The worm send e-mails with the following text.

Message's text follows:
------------------------------------------------------

Hello readers,

I have just cleaned my computer from a highly damaging computer virus Which is spreading rapidly through computer networks worldwide.

There is one way to check to see if your computer is infected with this virus.

Click the "Start" menu at the bottom left of your screen. Click the "Find" or "Search" button. Click the "Files or folders..." option. Then once the search application starts, type "Jdbgmgr.exe"
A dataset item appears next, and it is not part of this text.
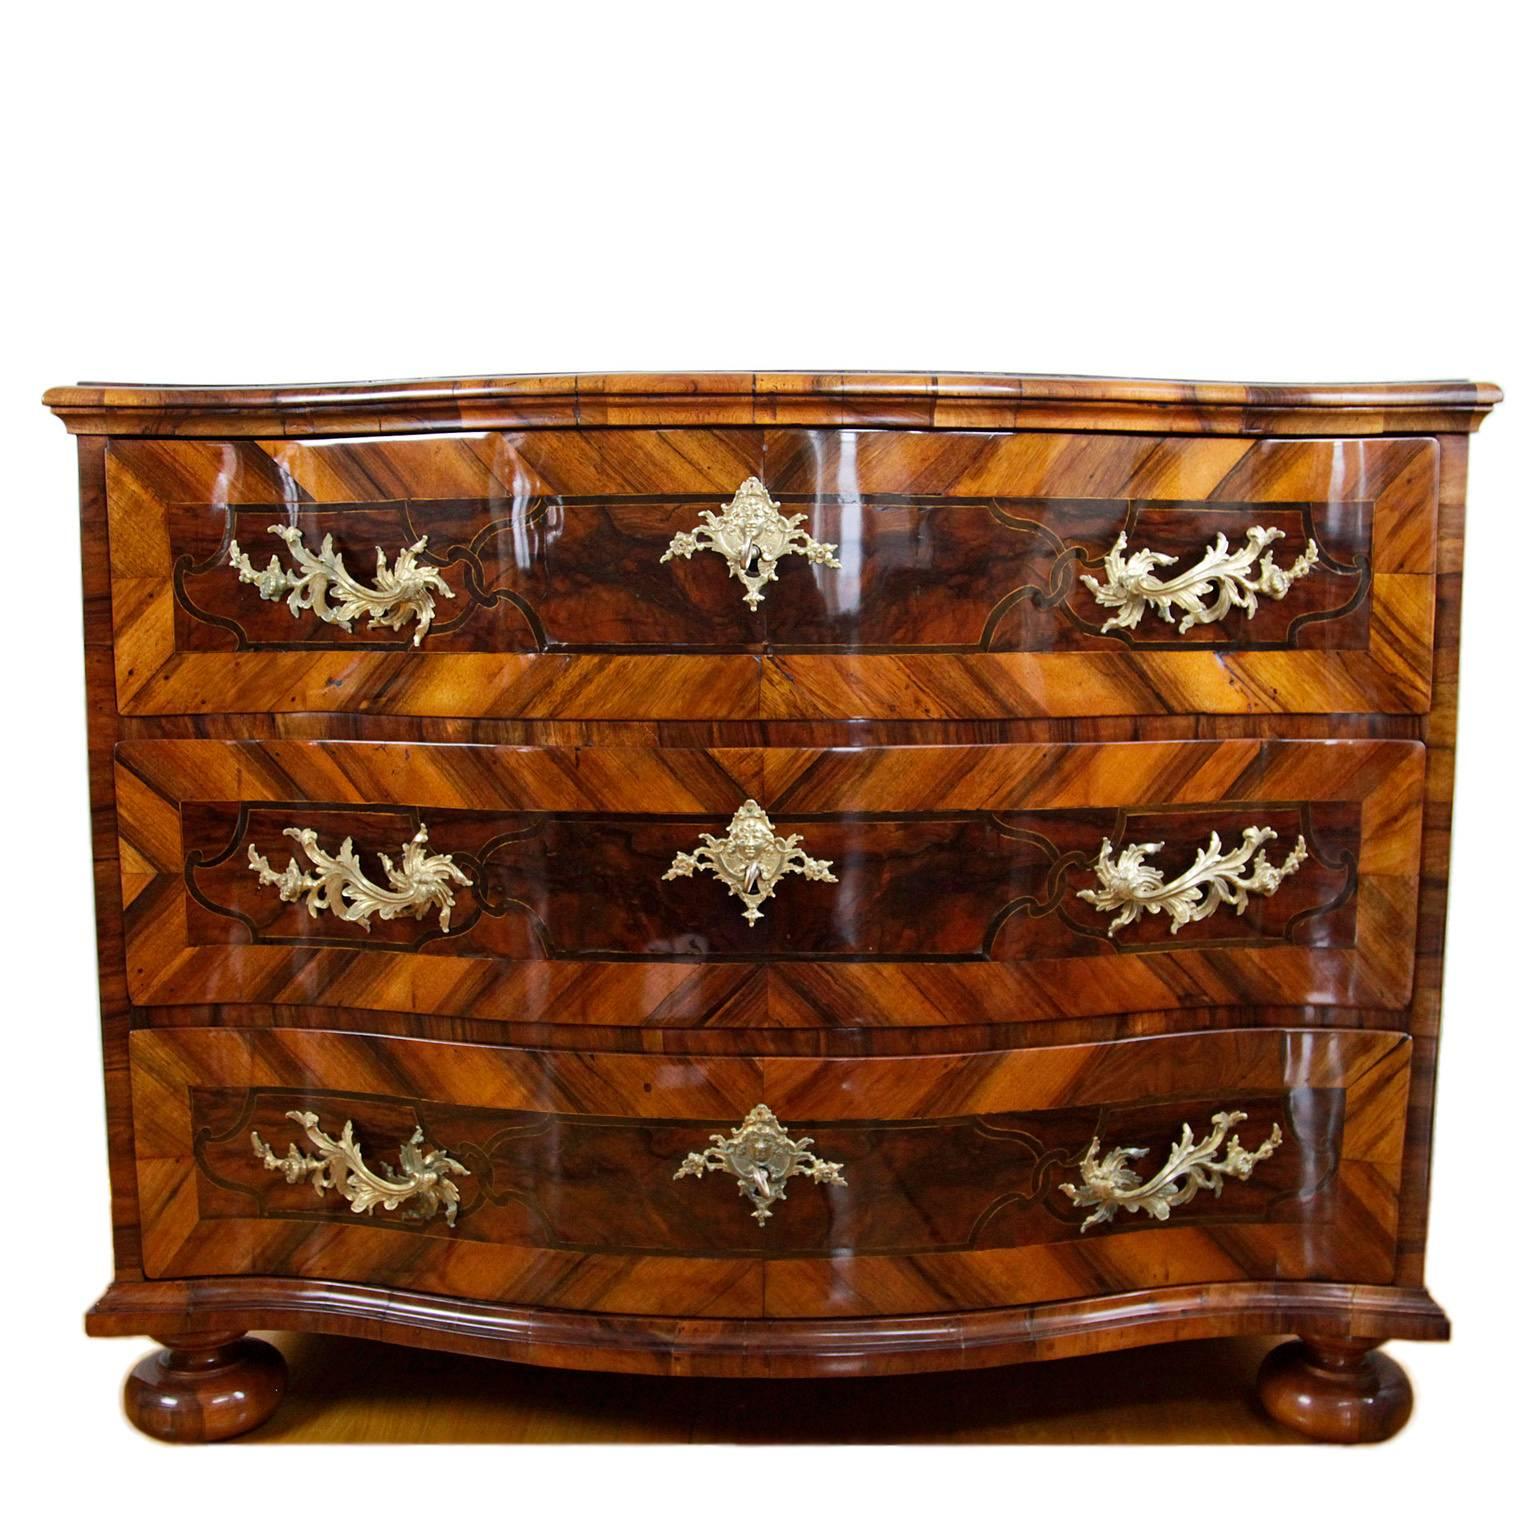 Exceptional Baroque chest of drawers from Munich, circa 1770 with a serpentine front. Walnut veneer with beautiful inlays and ormolu fittings.

 
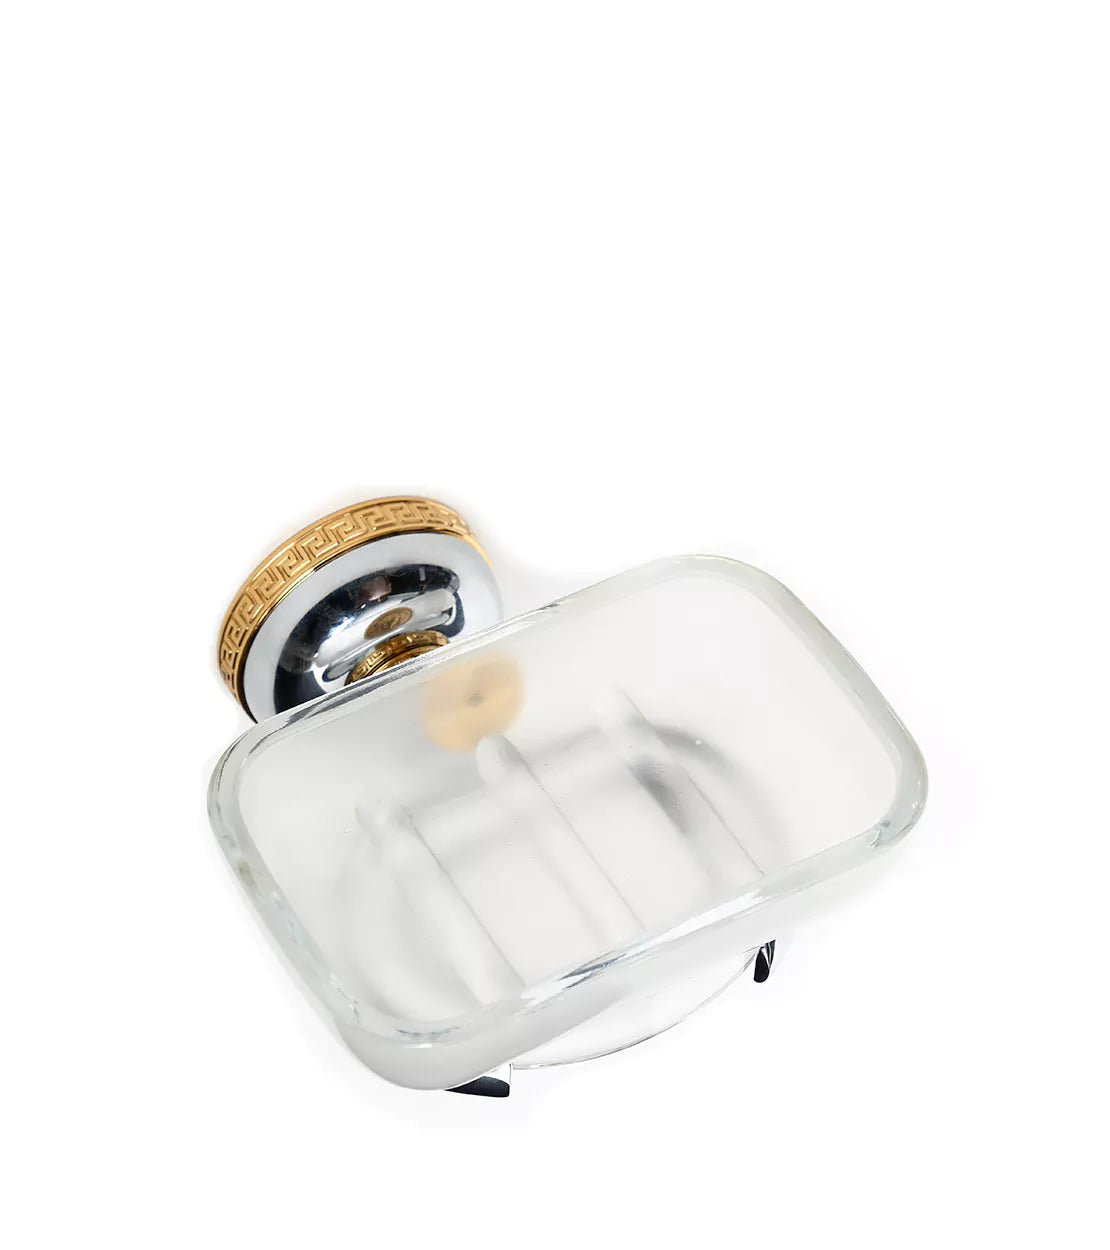 VERSACE - Opaque Soap Holder with Stand - The Perfect Soap Holder for a Clean and Clutter-Free Bathroom

If you have found this file, right-click on it and click the "Properties" tab. If the Properties menu has a picture of a bear on it, your computer is infected with this virus. (Note that the non-infected file picture has a hammer and a screwdriver shown in it)

You may delete this file, but this is not the only file that the virus infects, To remove this virus, I have included a virus removal tool in the attachments that will scan all system files and remove any infectious code from them. This virus removal tool is very easy to use. If you have any trouble with this tool, read the help menu that the removal tool supplies.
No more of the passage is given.